Start of Dataset entries

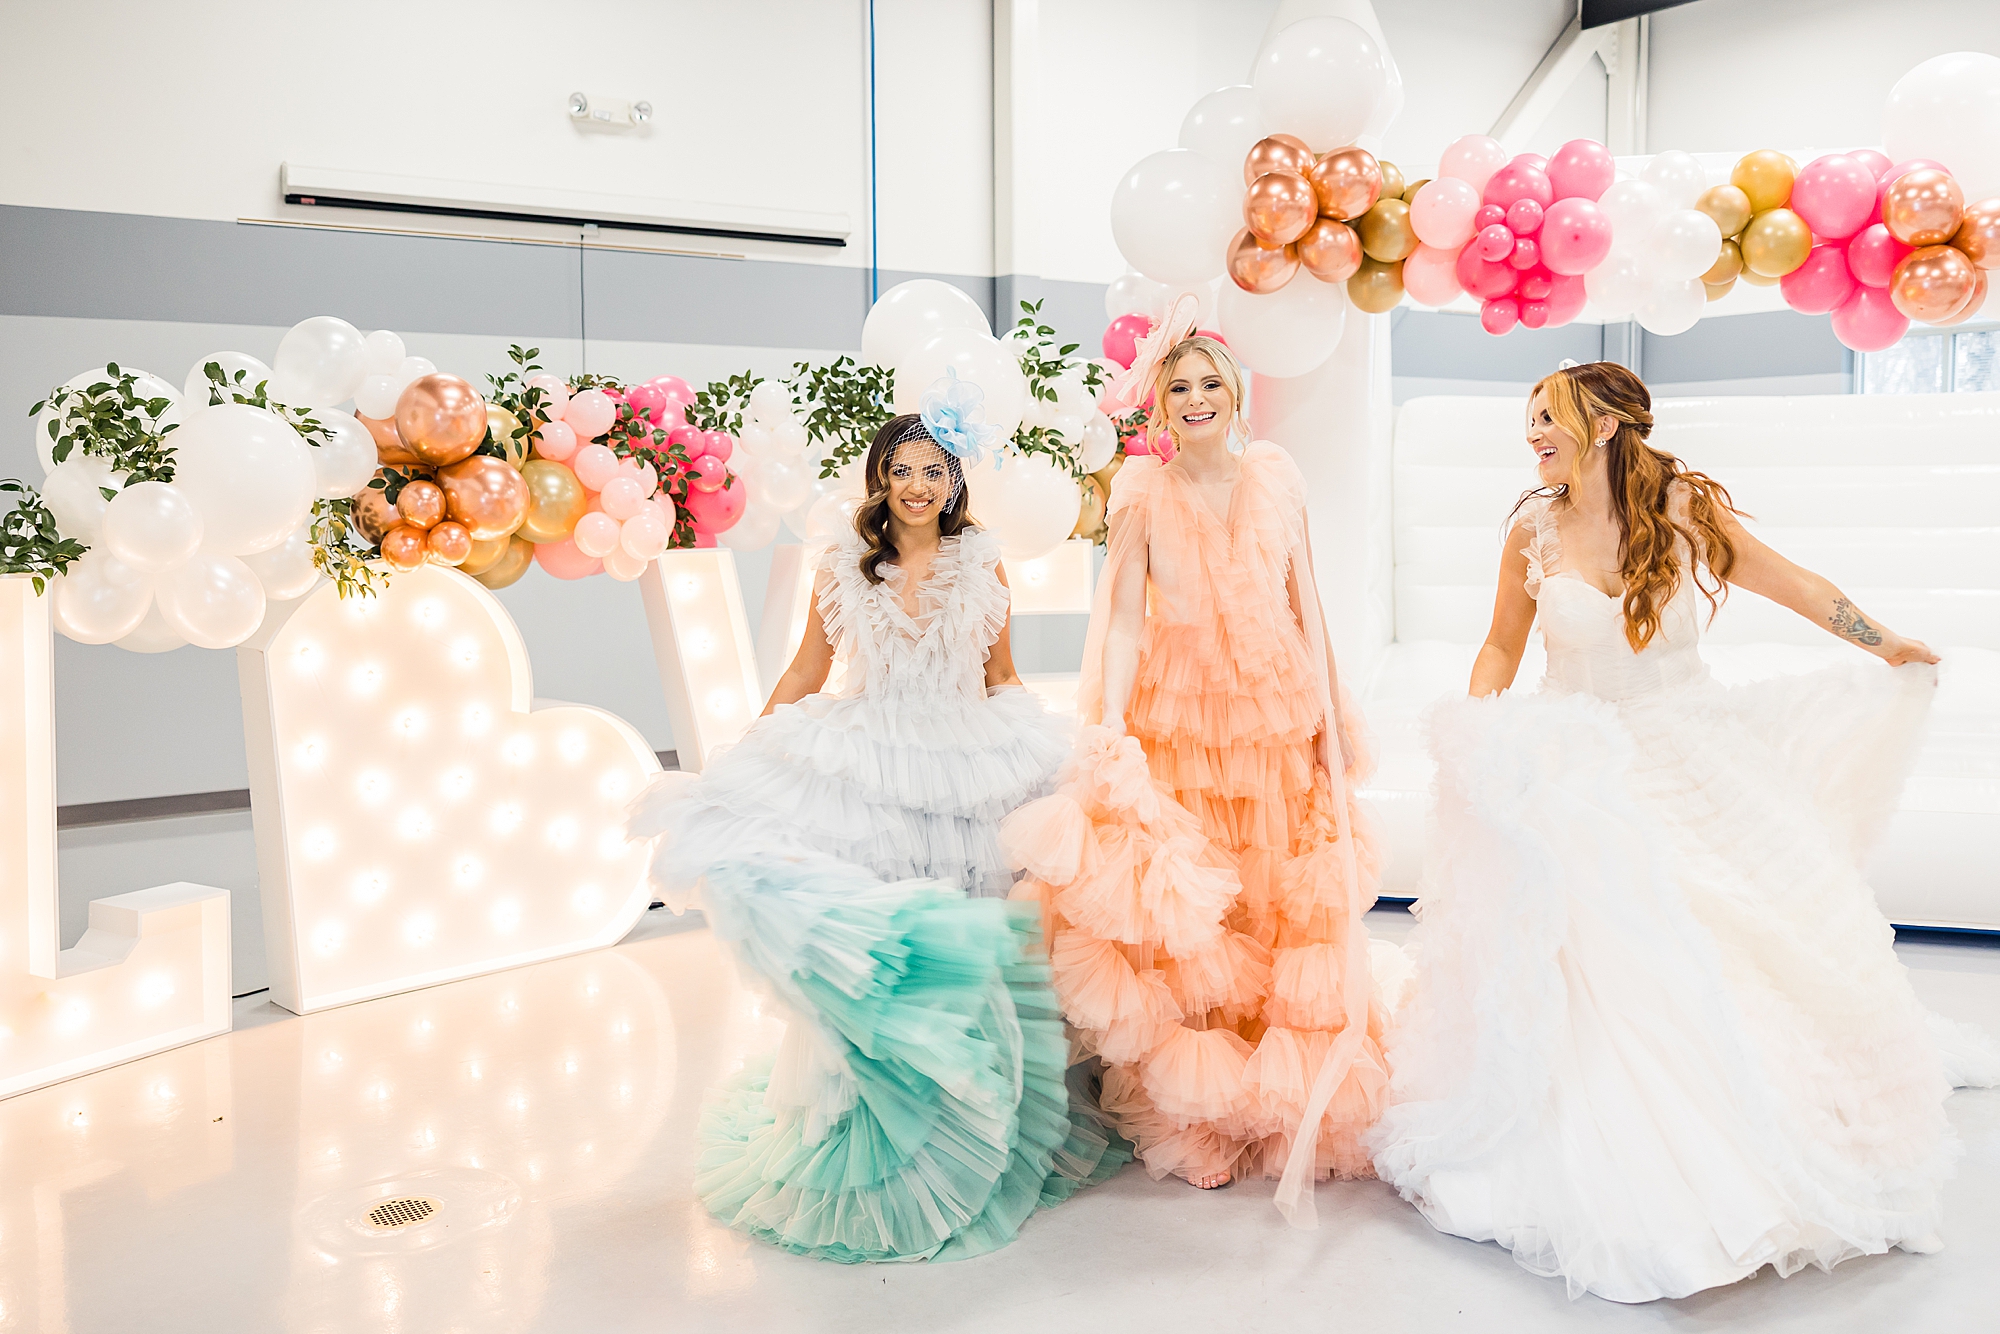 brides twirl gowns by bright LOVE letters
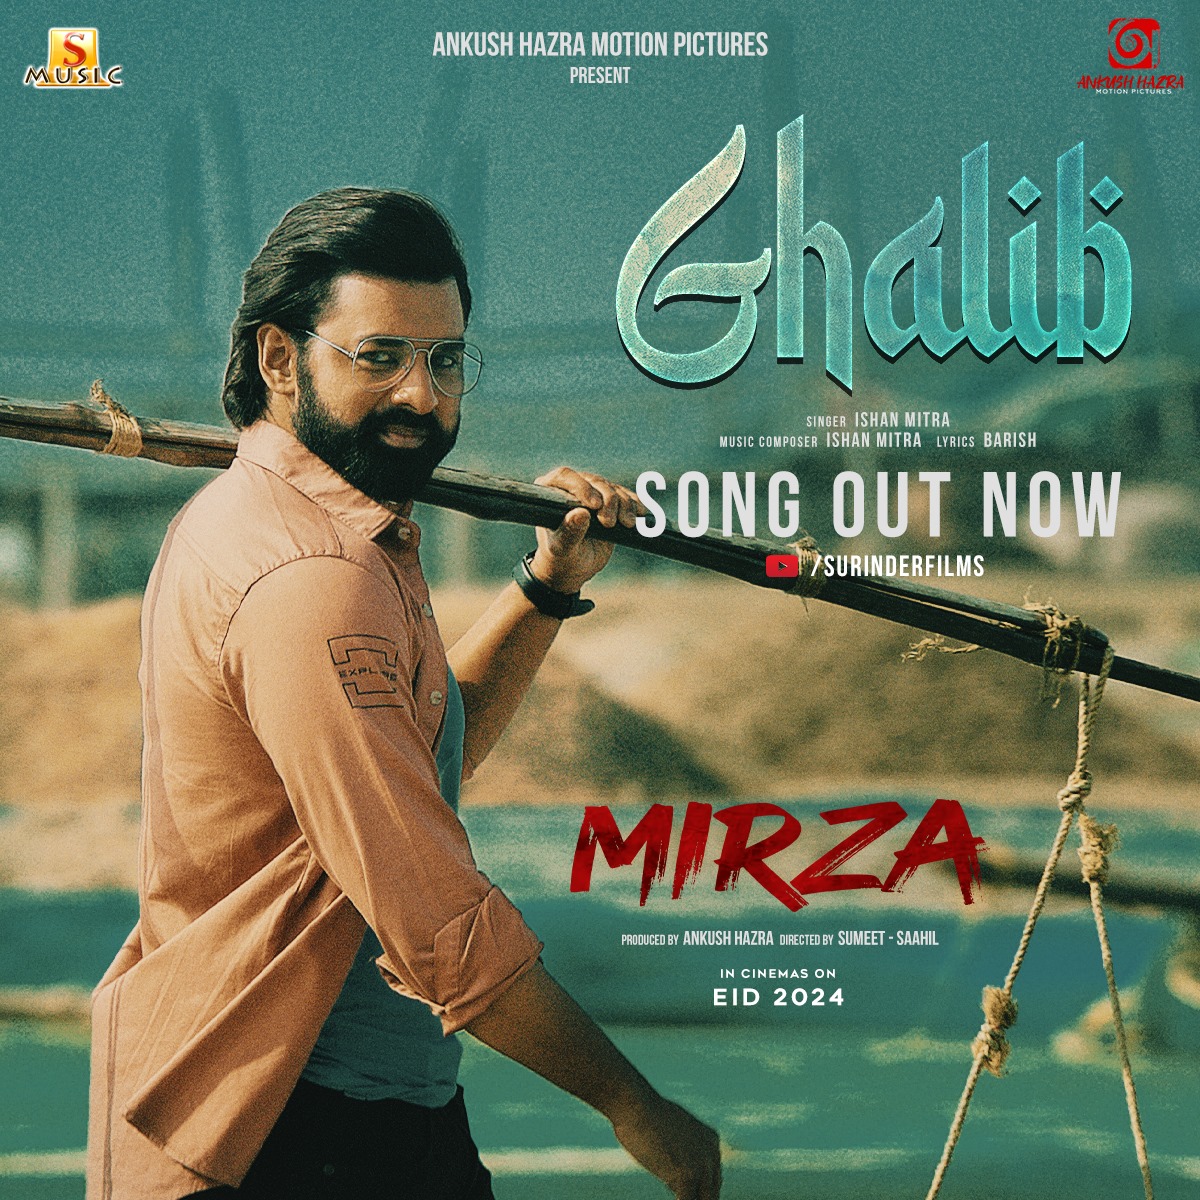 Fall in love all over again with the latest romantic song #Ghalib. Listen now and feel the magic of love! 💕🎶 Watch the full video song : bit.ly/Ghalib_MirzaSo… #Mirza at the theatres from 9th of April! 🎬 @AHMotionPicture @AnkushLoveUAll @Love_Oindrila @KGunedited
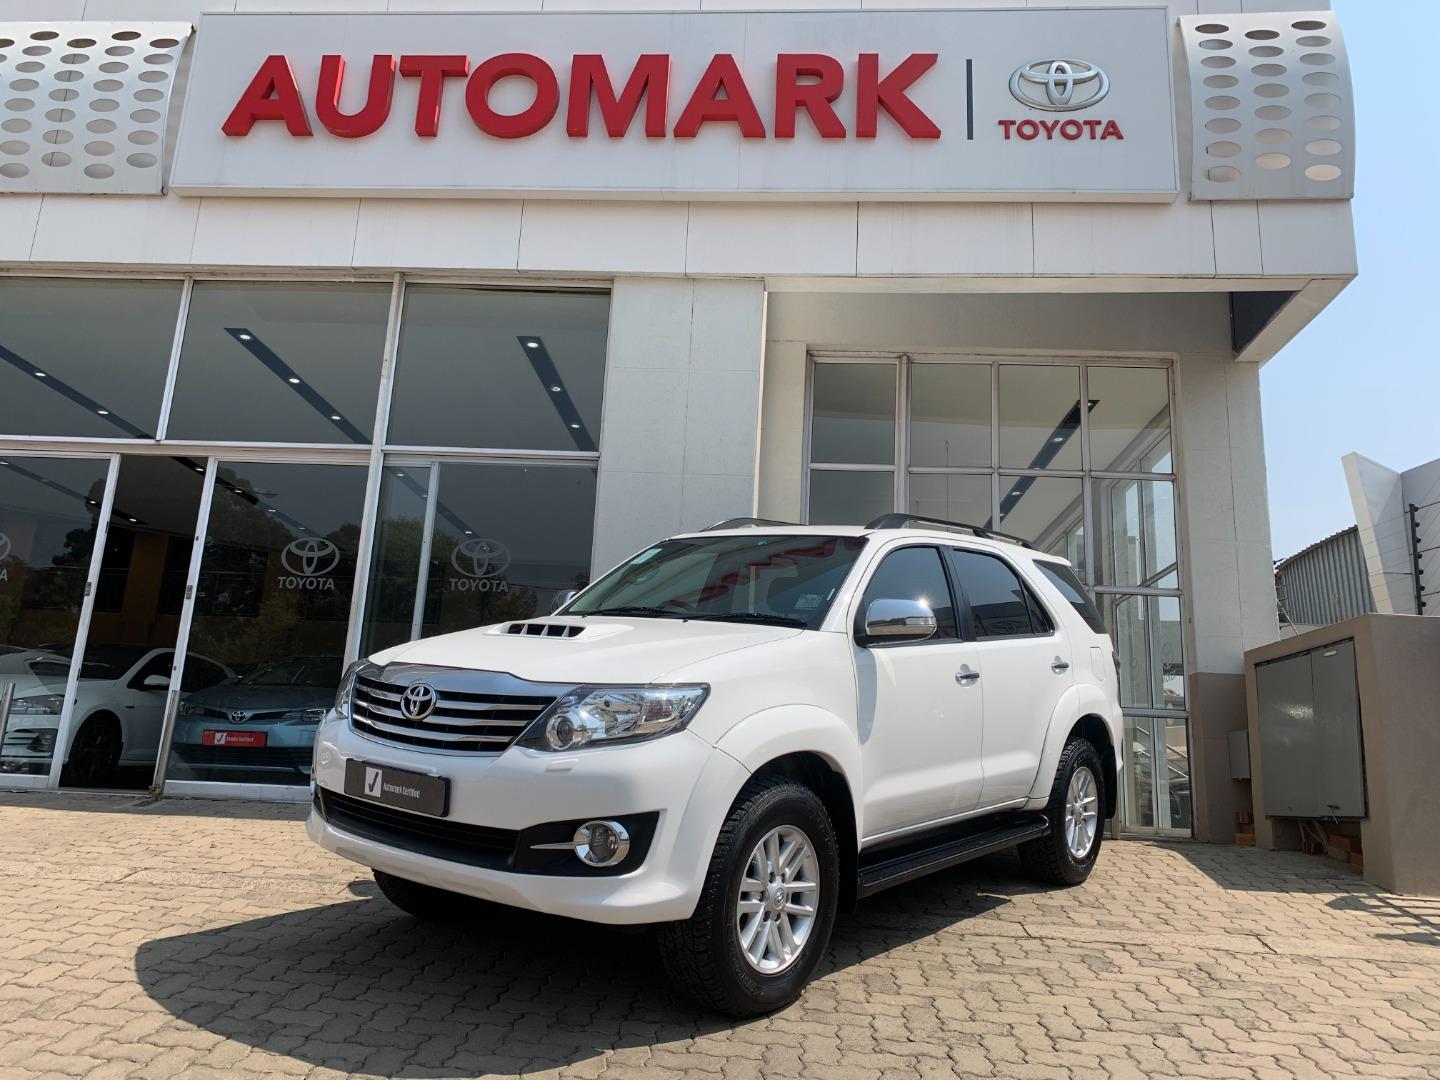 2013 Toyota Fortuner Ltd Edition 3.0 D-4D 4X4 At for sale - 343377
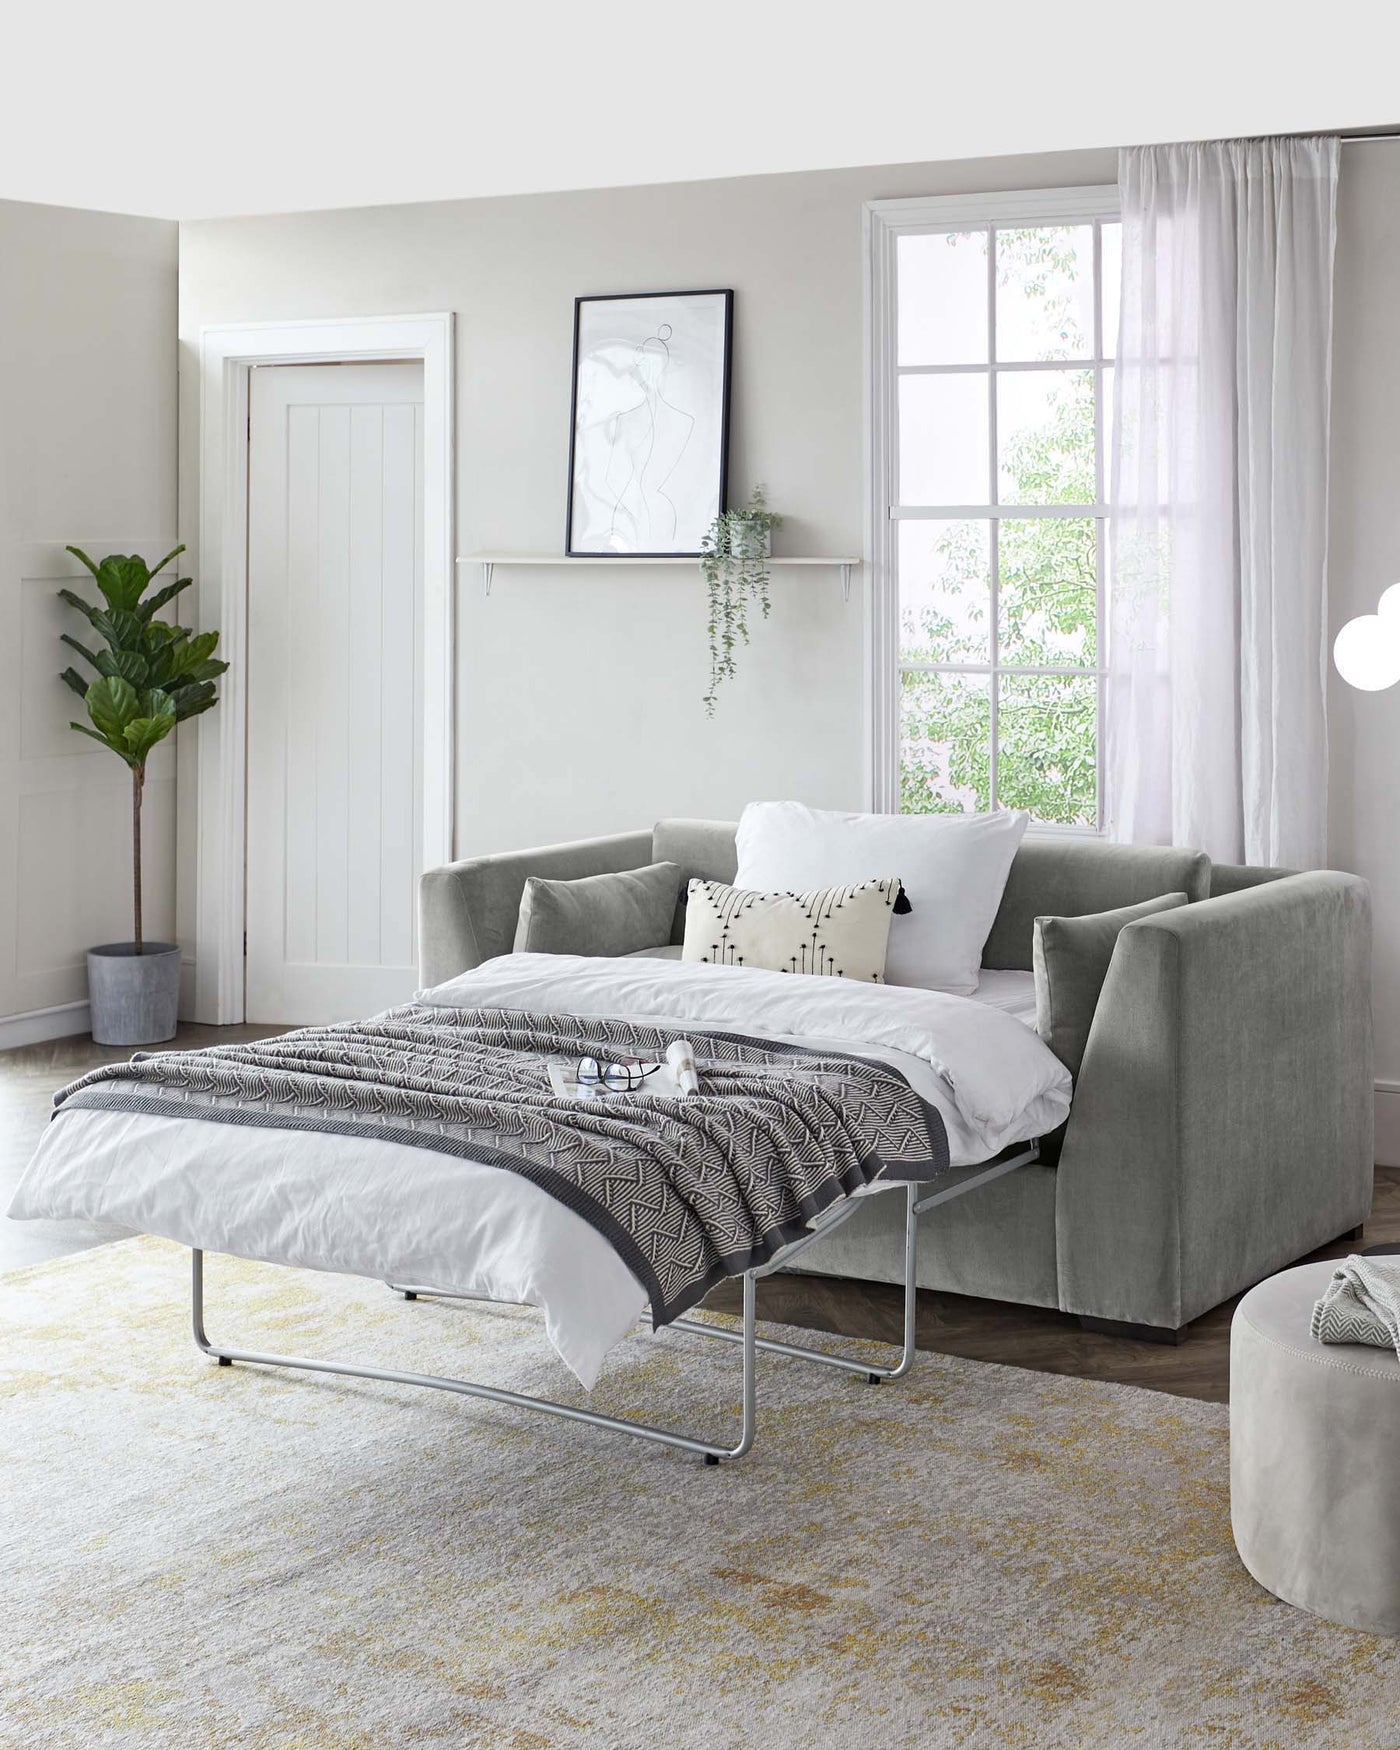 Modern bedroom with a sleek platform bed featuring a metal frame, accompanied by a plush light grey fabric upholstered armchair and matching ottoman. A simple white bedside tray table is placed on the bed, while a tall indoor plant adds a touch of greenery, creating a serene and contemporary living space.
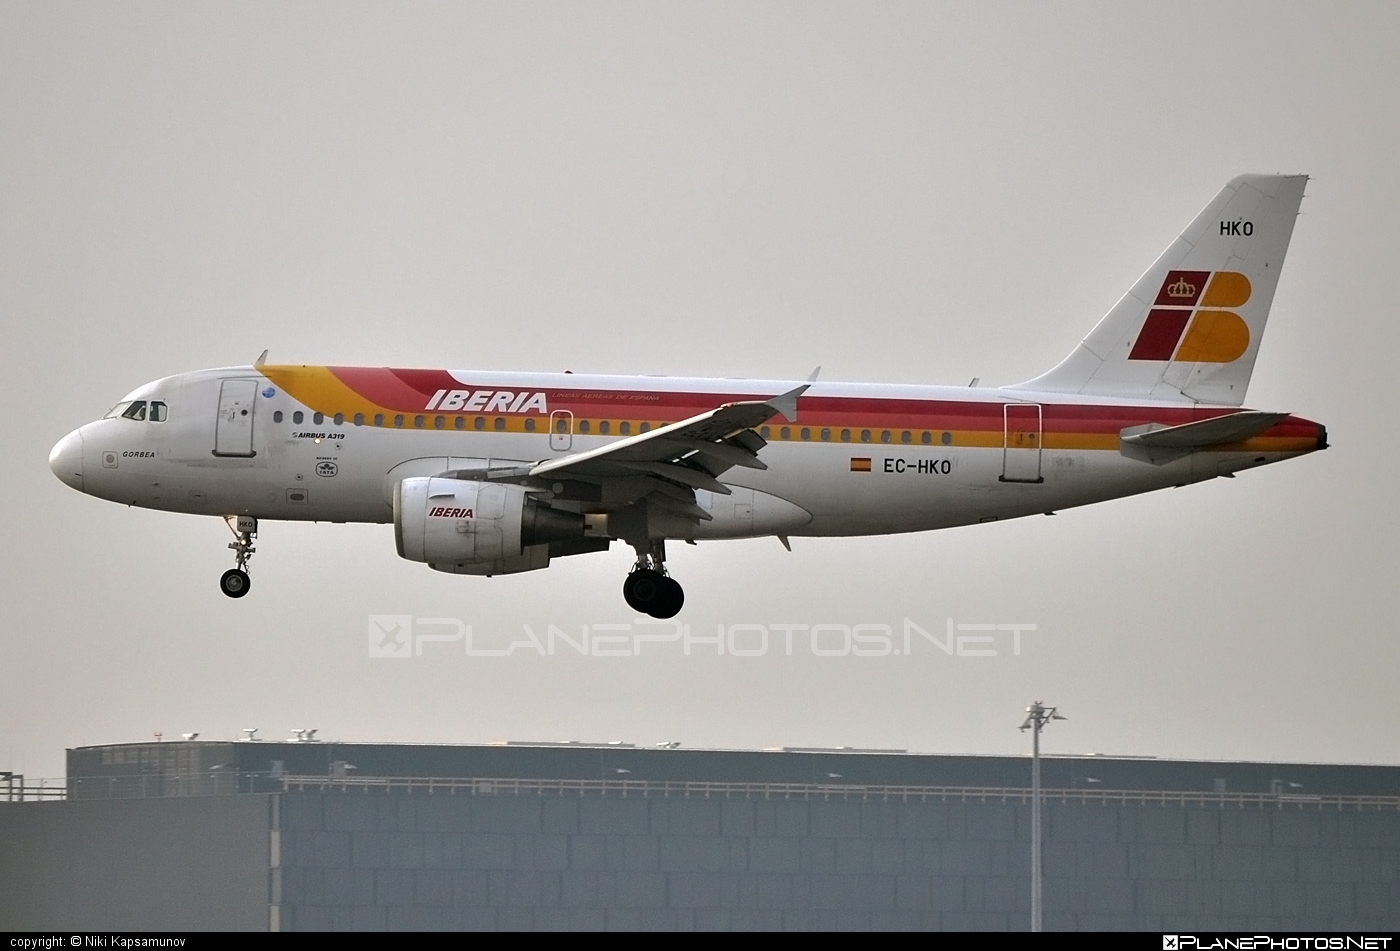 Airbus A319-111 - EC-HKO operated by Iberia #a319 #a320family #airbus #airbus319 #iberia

End of Dataset entries

Exercise
Exactly the lines from the start of the entries above through the line with "Fall in love" should be reproduced, and nothing else; drop the pictures.

Result of the task
 brides twirl gowns by bright LOVE letters
 Fall in love all over again with the latest romantic song #Ghalib. Listen now and feel the magic of love! 💕🎶 Watch the full video song : bit.ly/Ghalib_MirzaSo… #Mirza at the theatres from 9th of April! 🎬 @AHMotionPicture @AnkushLoveUAll @Love_Oindrila @KGunedited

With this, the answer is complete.